GIVEN MATERIAL:
● ● ● ● ●
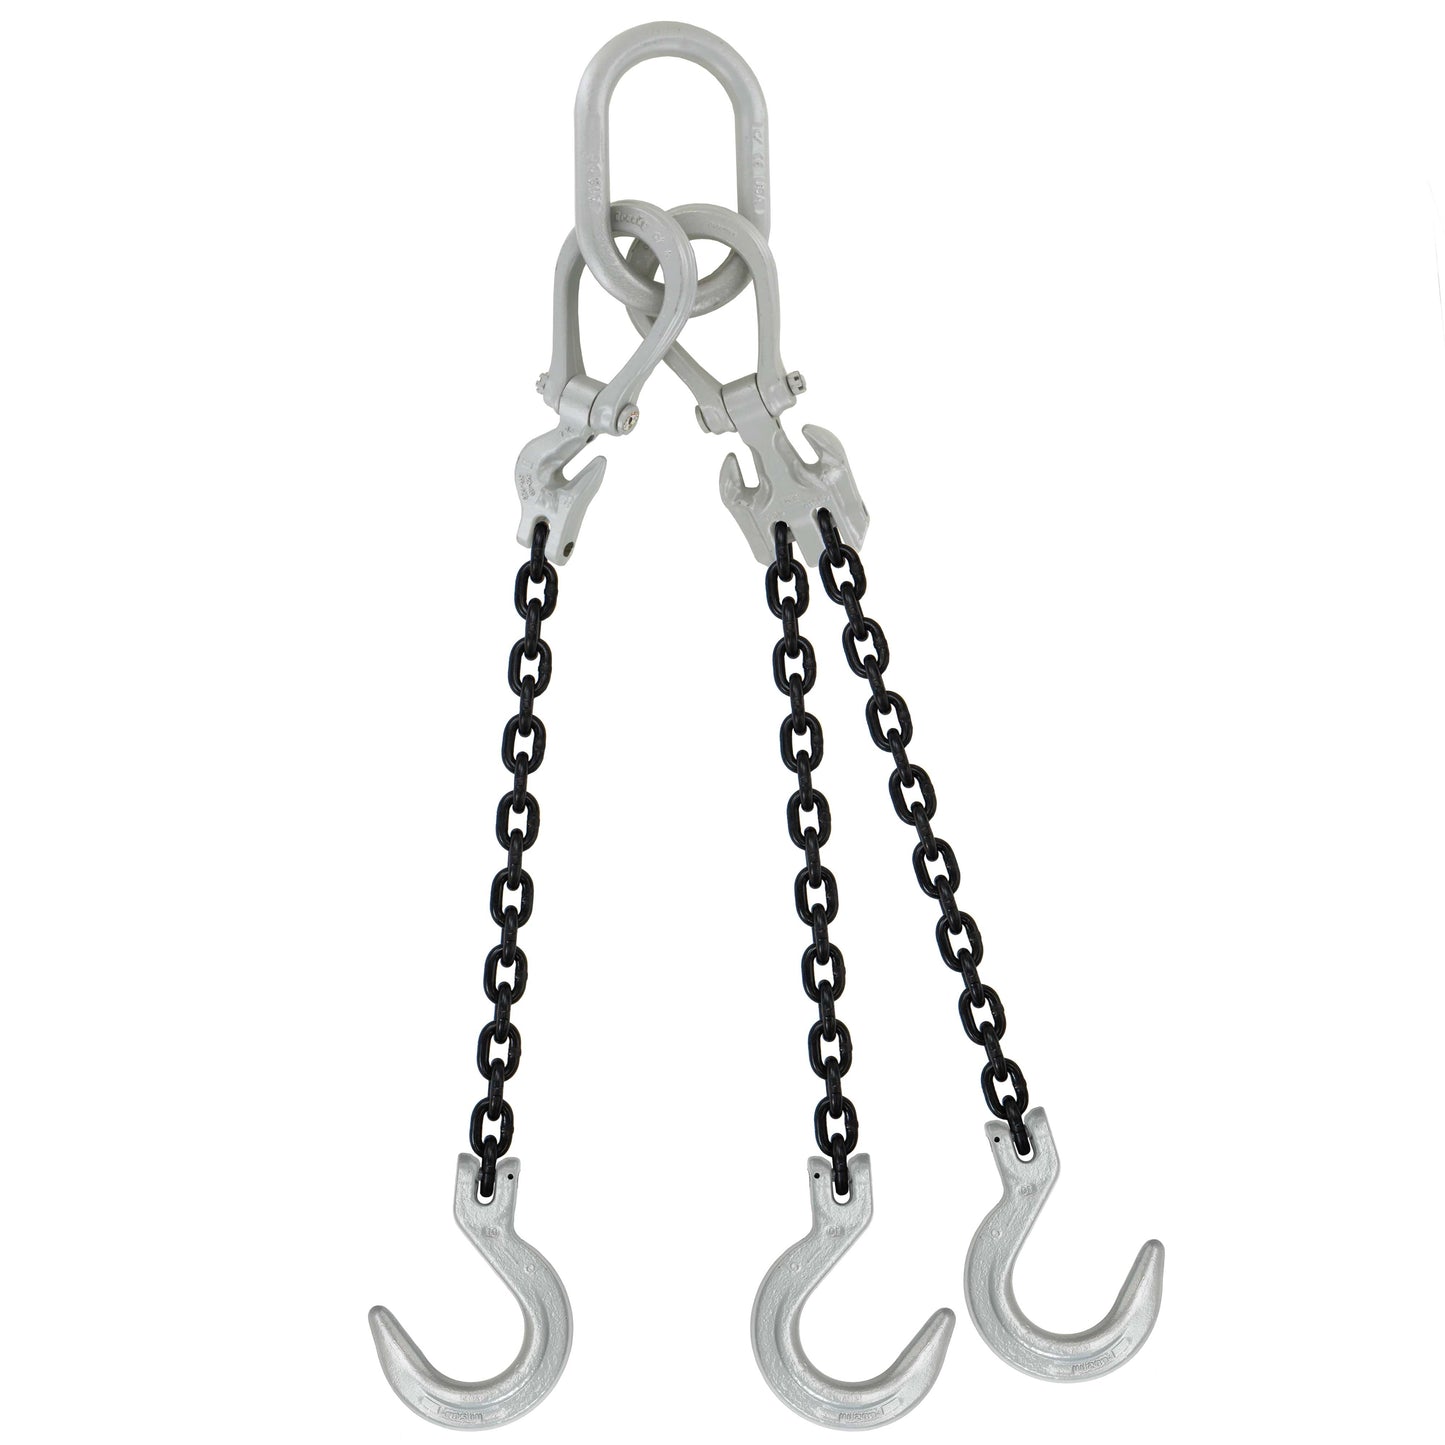 38 inch x 20 foot Domestic Adjustable 3 Leg Chain Sling w Crosby Foundry Hooks Grade 100 image 1 of 2
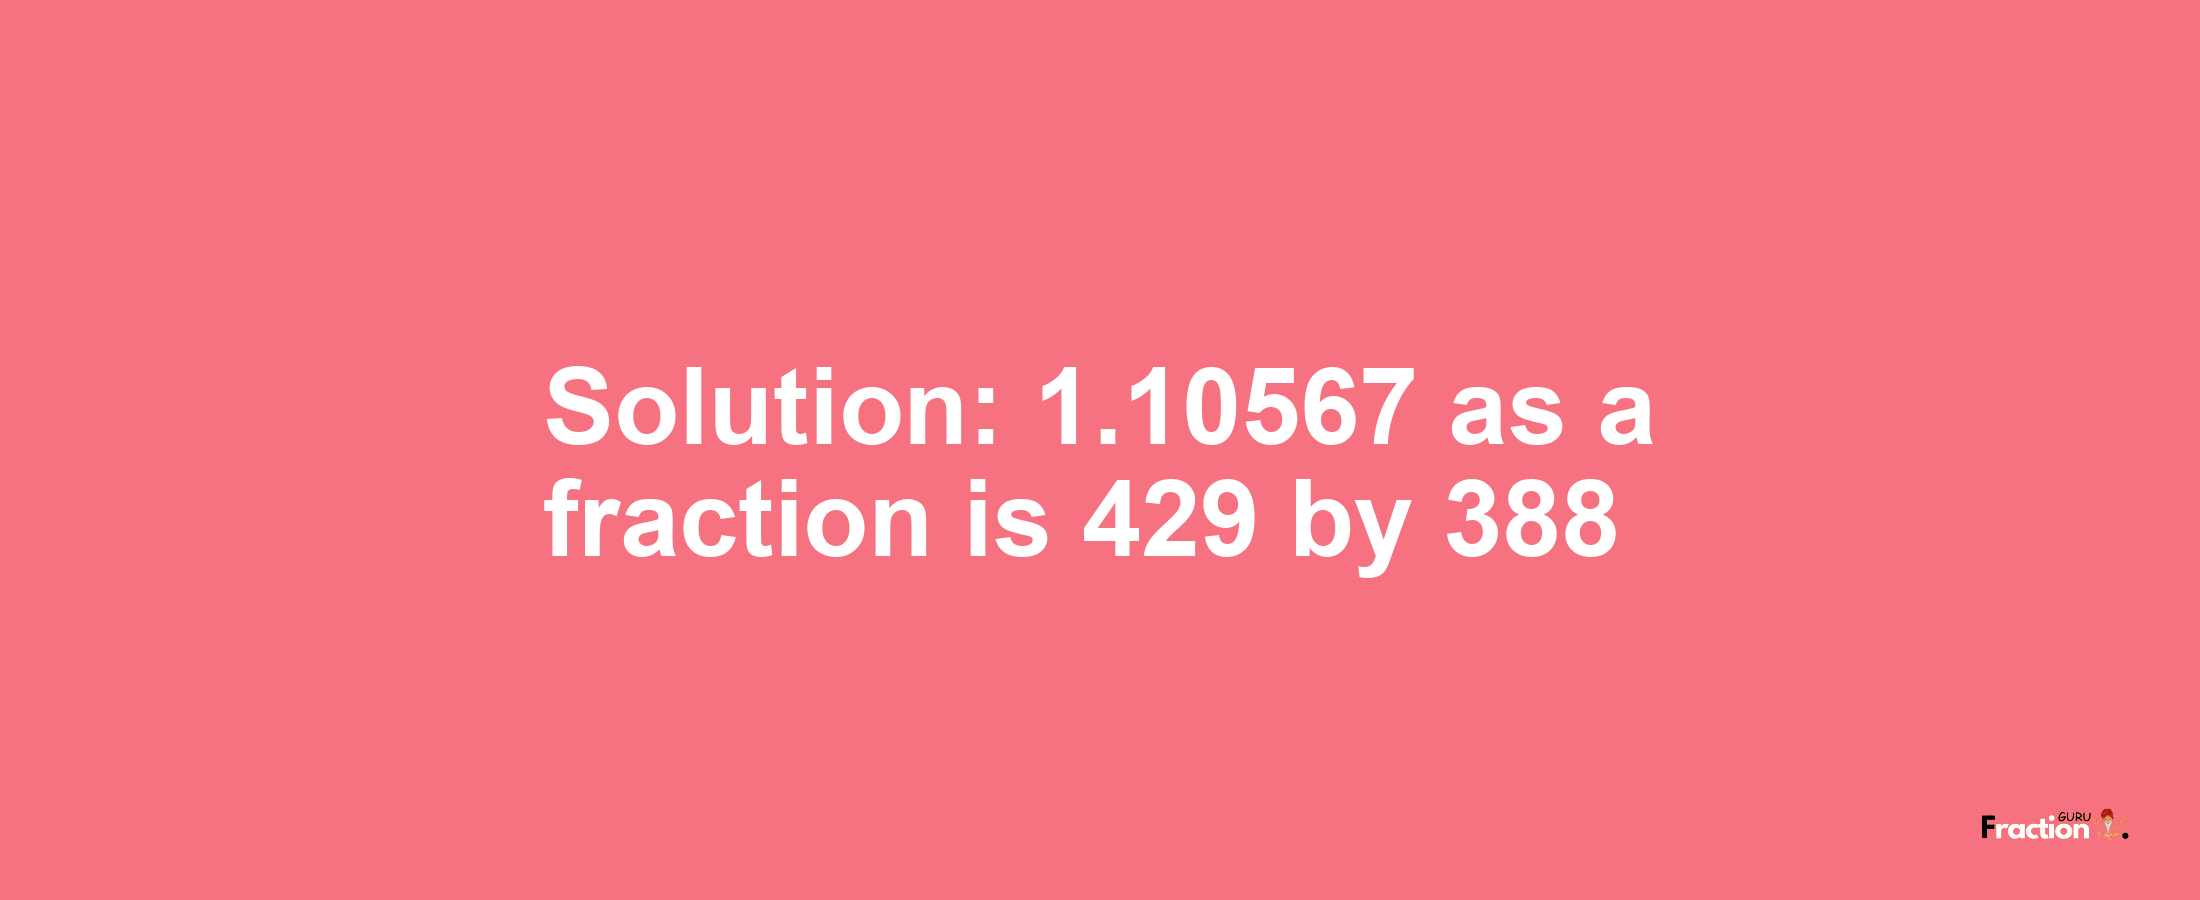 Solution:1.10567 as a fraction is 429/388
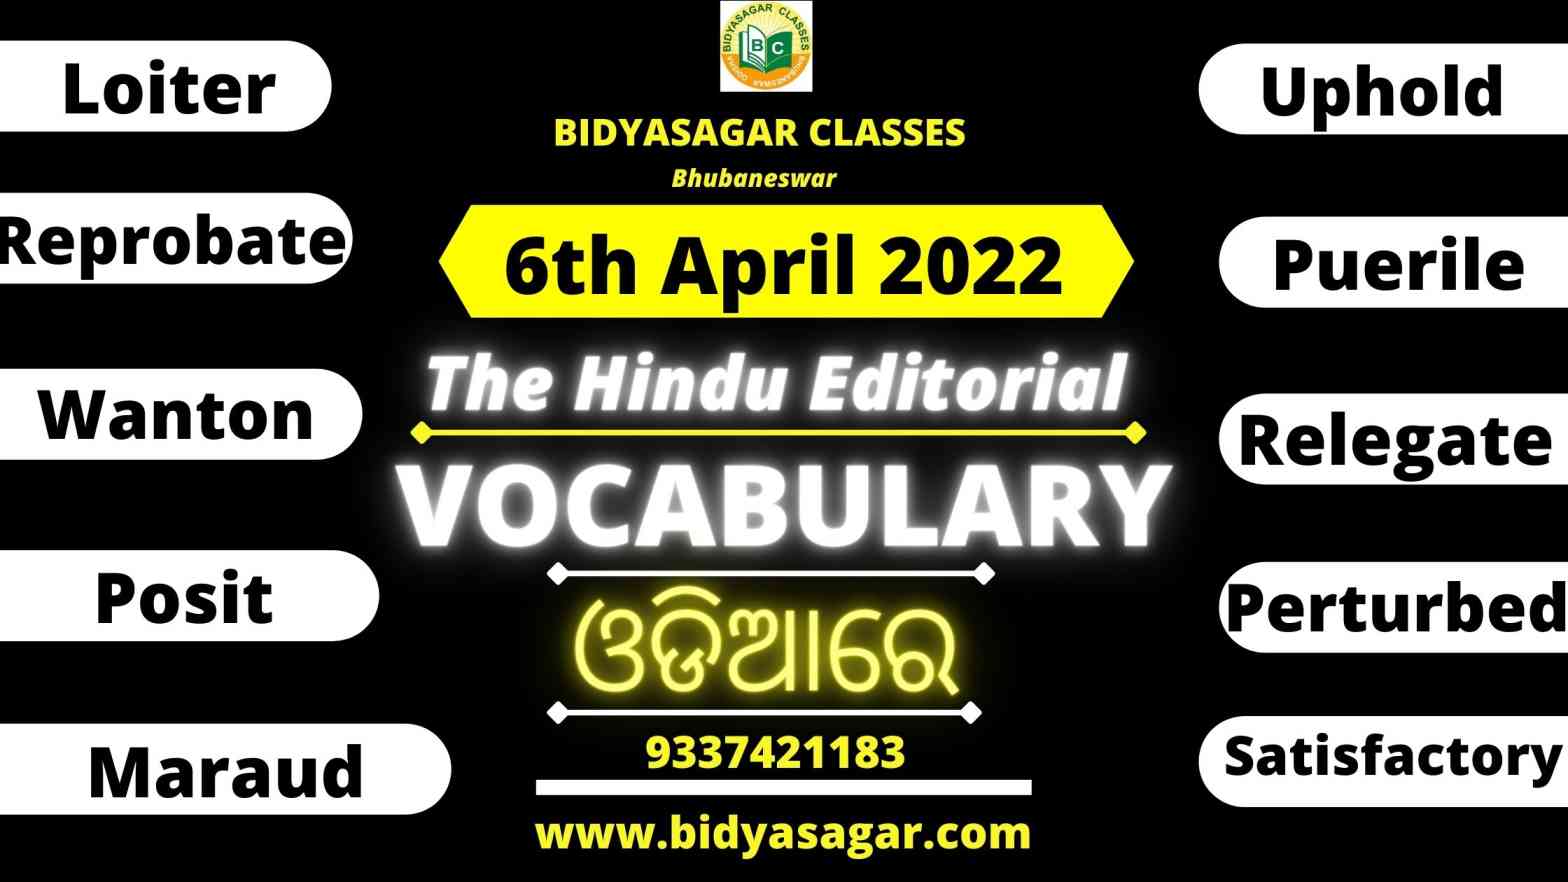 The Hindu Editorial Vocabulary of 6th April 2022
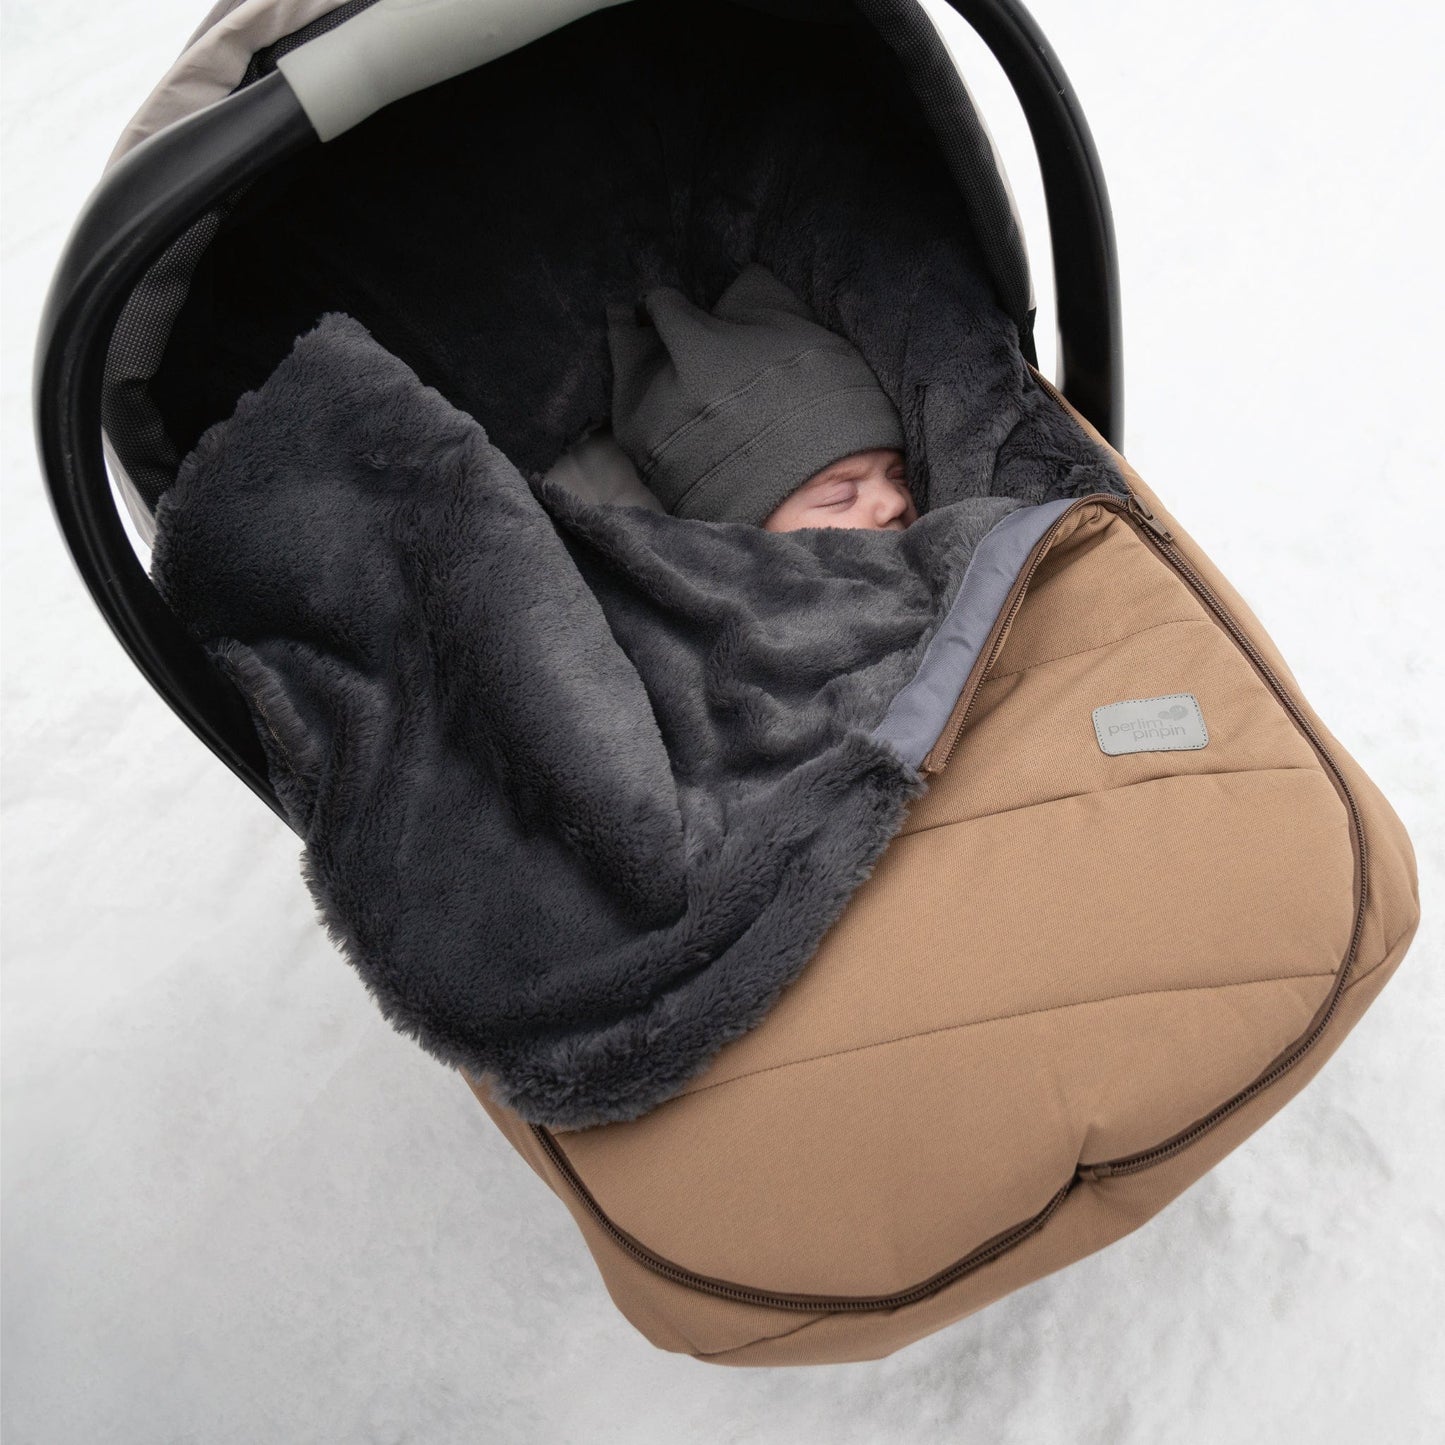 Baby car seat cover for winter - Hunter green
● ● ● ● ●
Once the images are removed, print the remaining data exactly as it appears above.

 38 inch x 20 foot Domestic Adjustable 3 Leg Chain Sling w Crosby Foundry Hooks Grade 100 image 1 of 2
 Solution:1.10567 as a fraction is 429/388
 The Hindu Editorial Vocabulary of 6th April 2022
 Baby car seat cover for winter - Hunter green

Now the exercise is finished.